## YOUR GOAL
Your copy should match the listing word for word, apart from the pictures, which are left out.

───── INFORMATION PROVIDED ─────

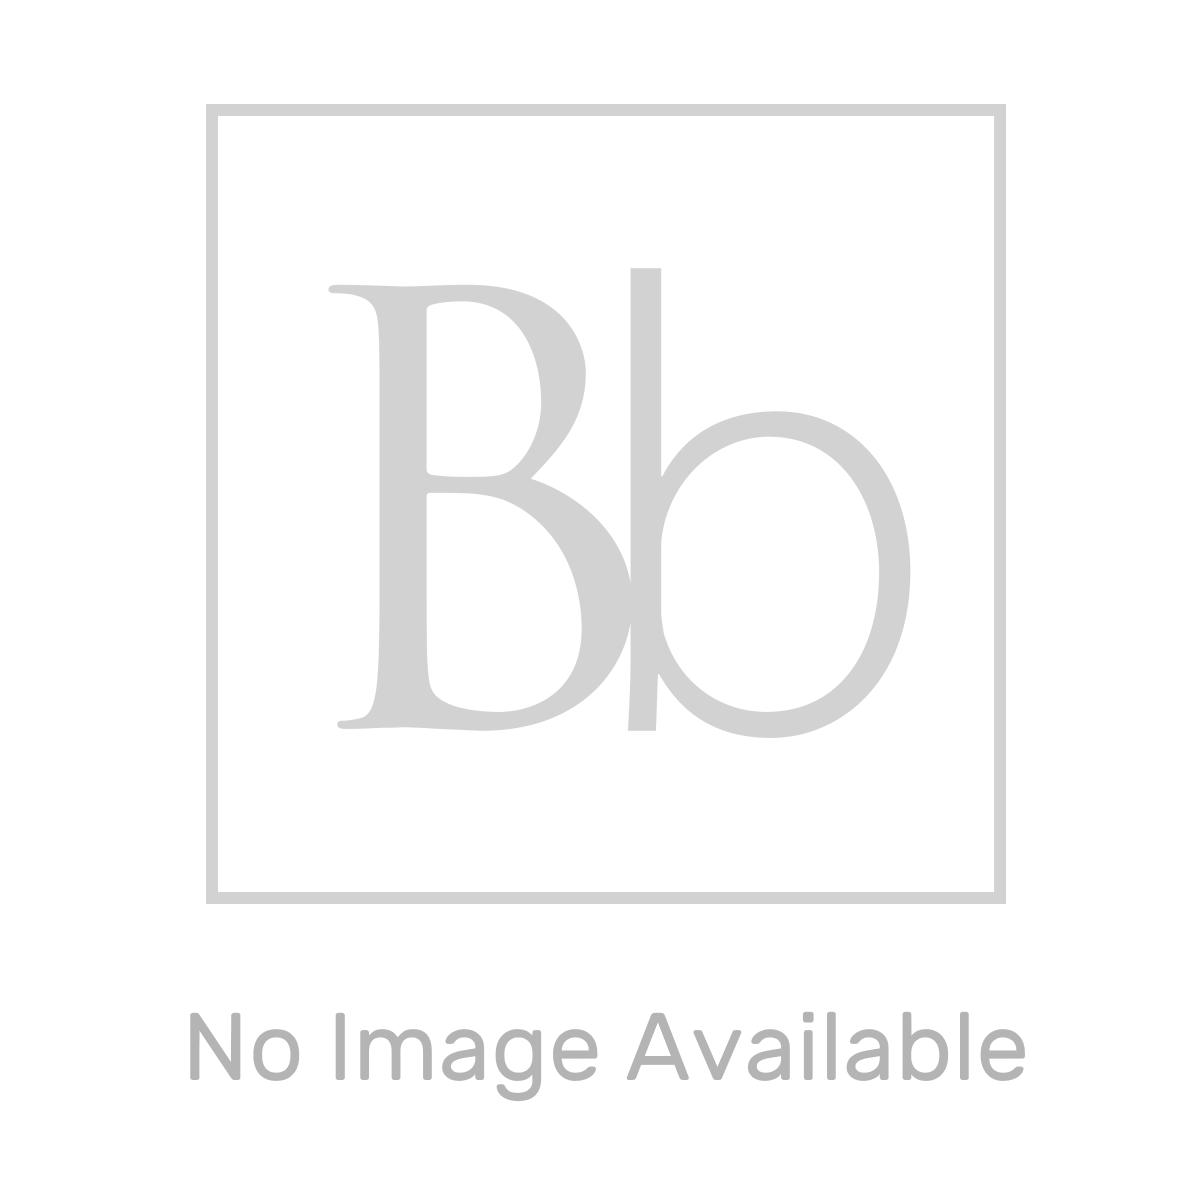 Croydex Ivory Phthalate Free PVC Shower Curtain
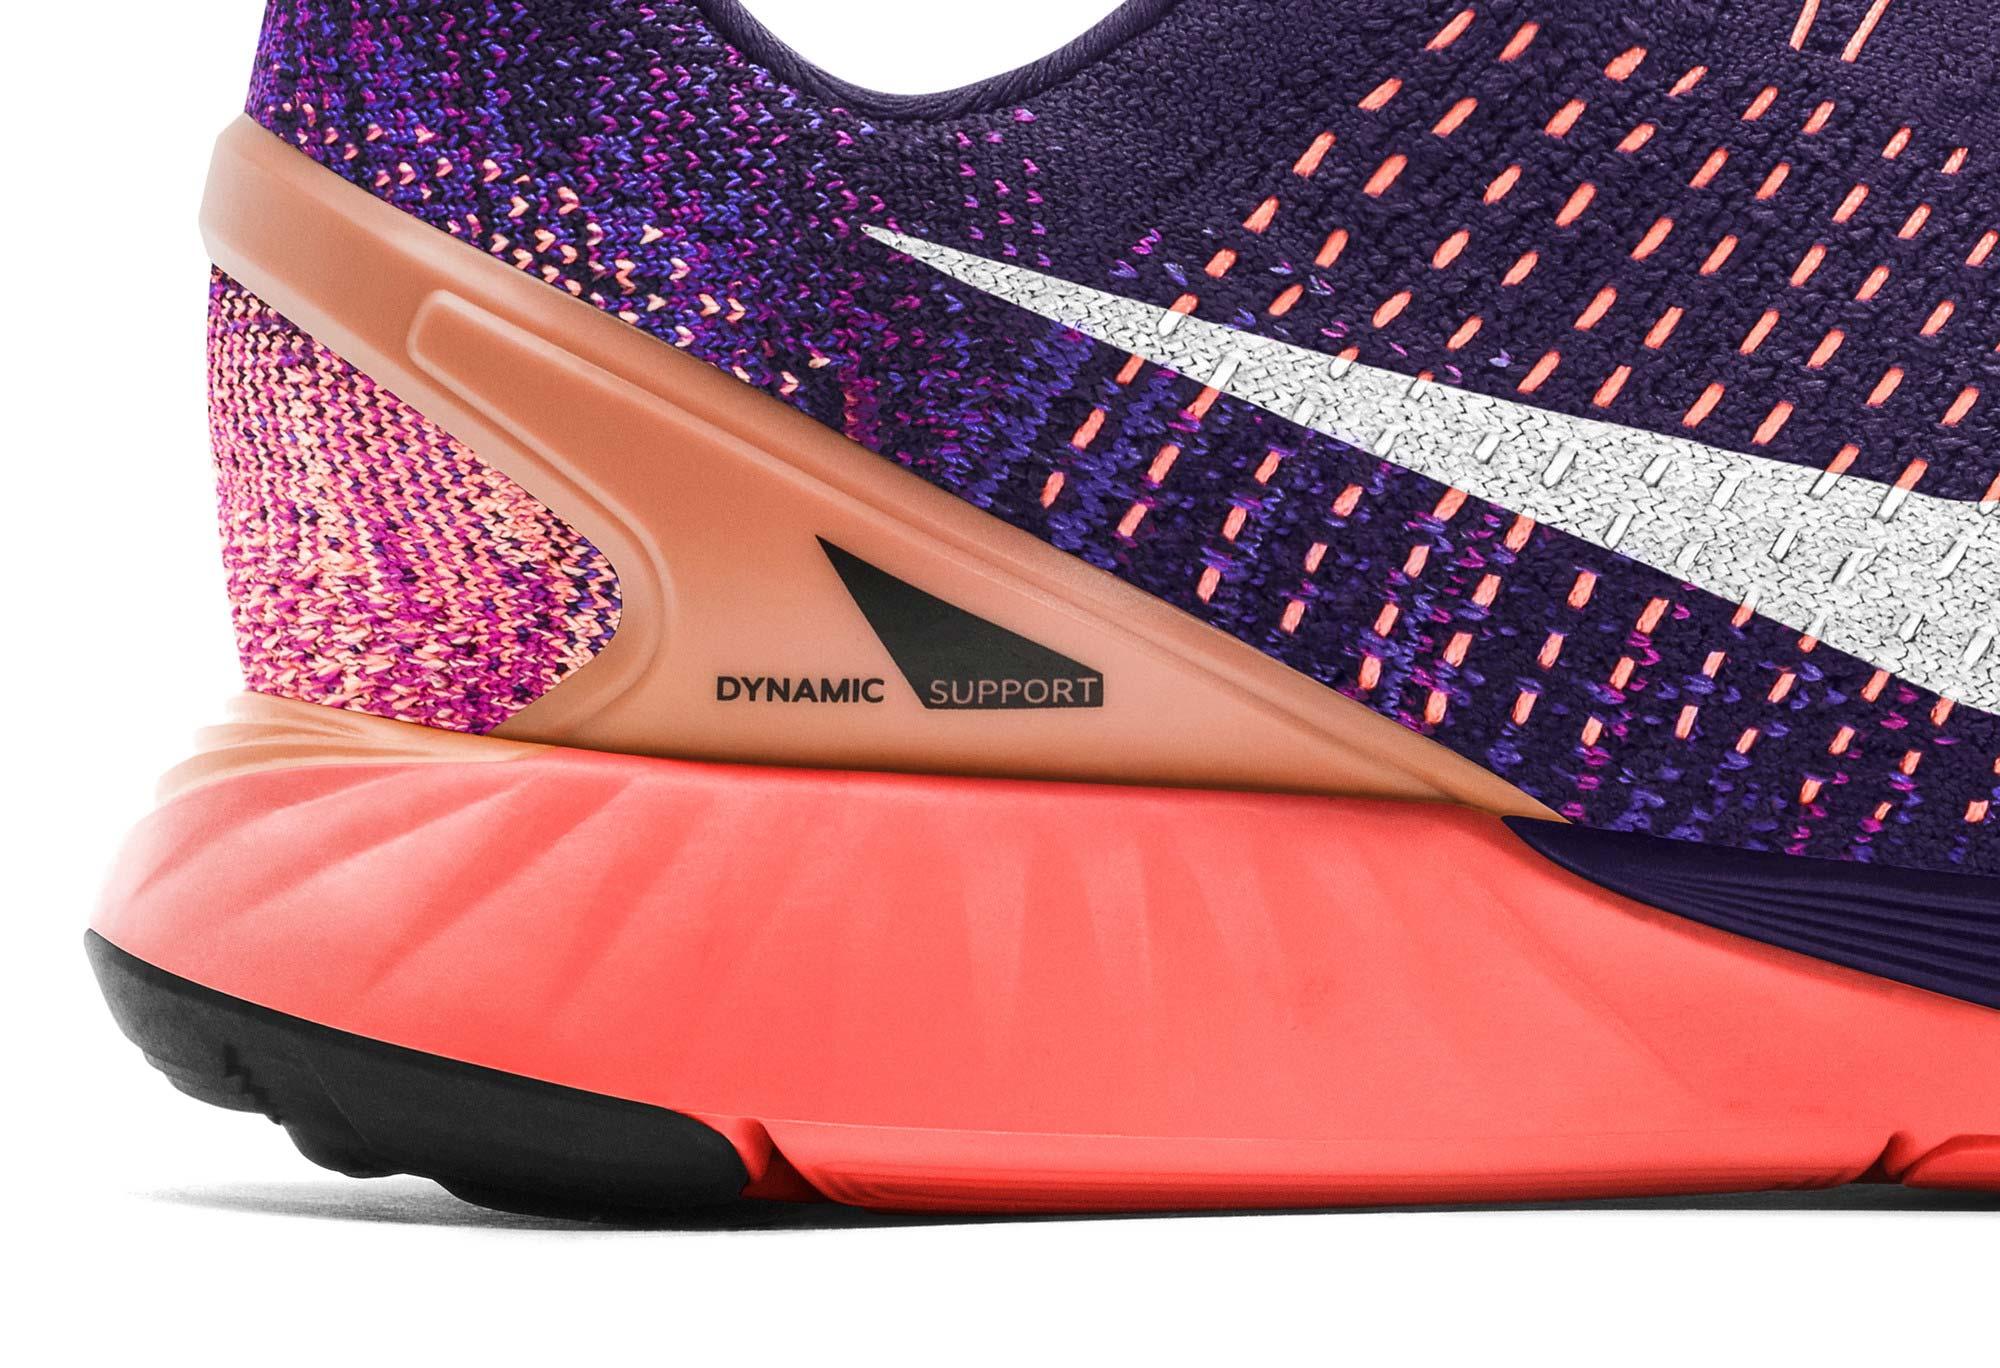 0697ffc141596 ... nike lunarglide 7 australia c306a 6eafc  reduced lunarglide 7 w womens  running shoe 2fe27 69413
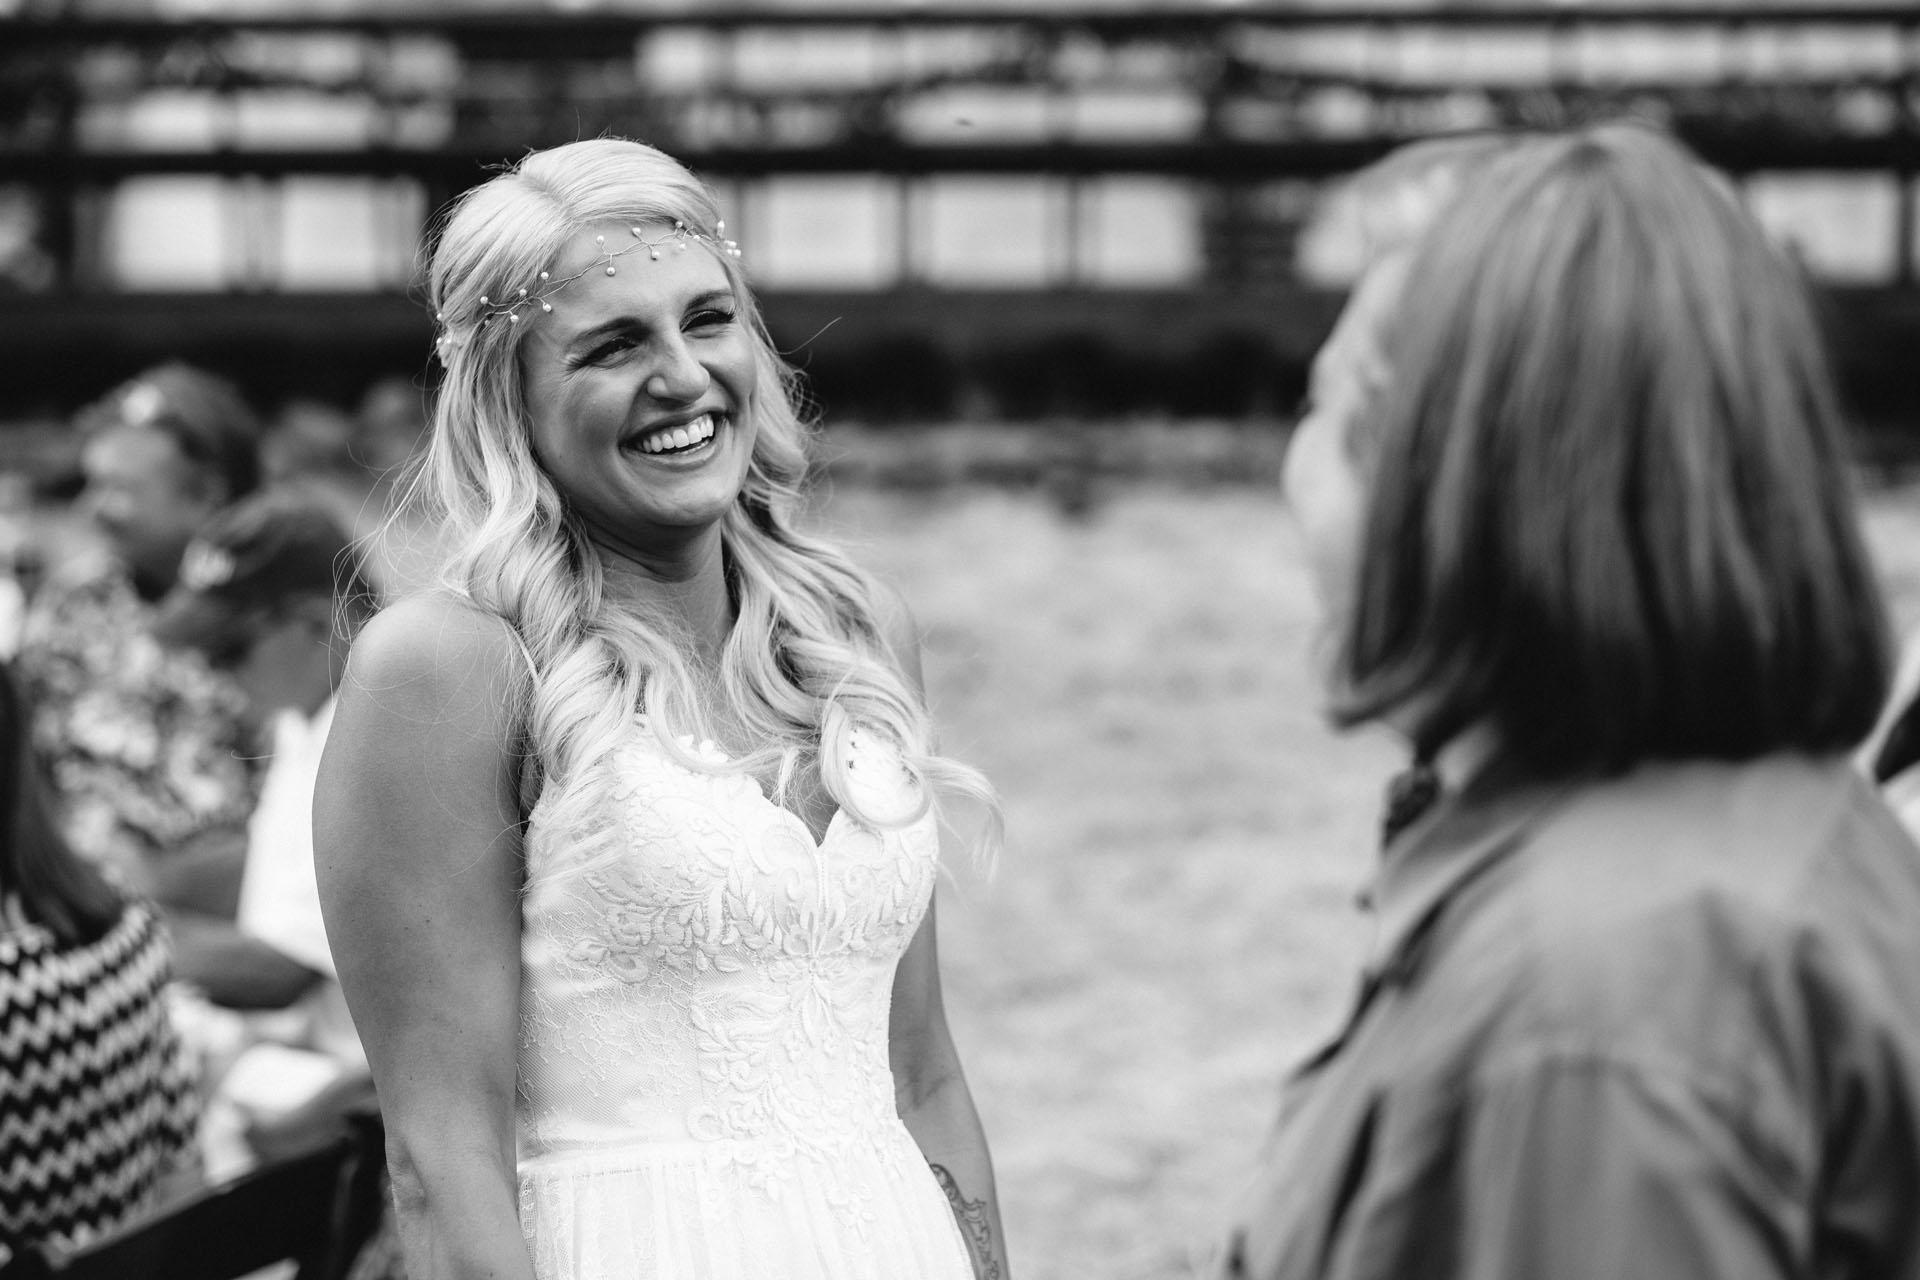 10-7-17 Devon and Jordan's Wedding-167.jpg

─────

## TASK ANSWER
 Croydex Ivory Phthalate Free PVC Shower Curtain
 0697ffc141596 ... nike lunarglide 7 australia c306a 6eafc  reduced lunarglide 7 w womens  running shoe 2fe27 69413
 10-7-17 Devon and Jordan's Wedding-167.jpg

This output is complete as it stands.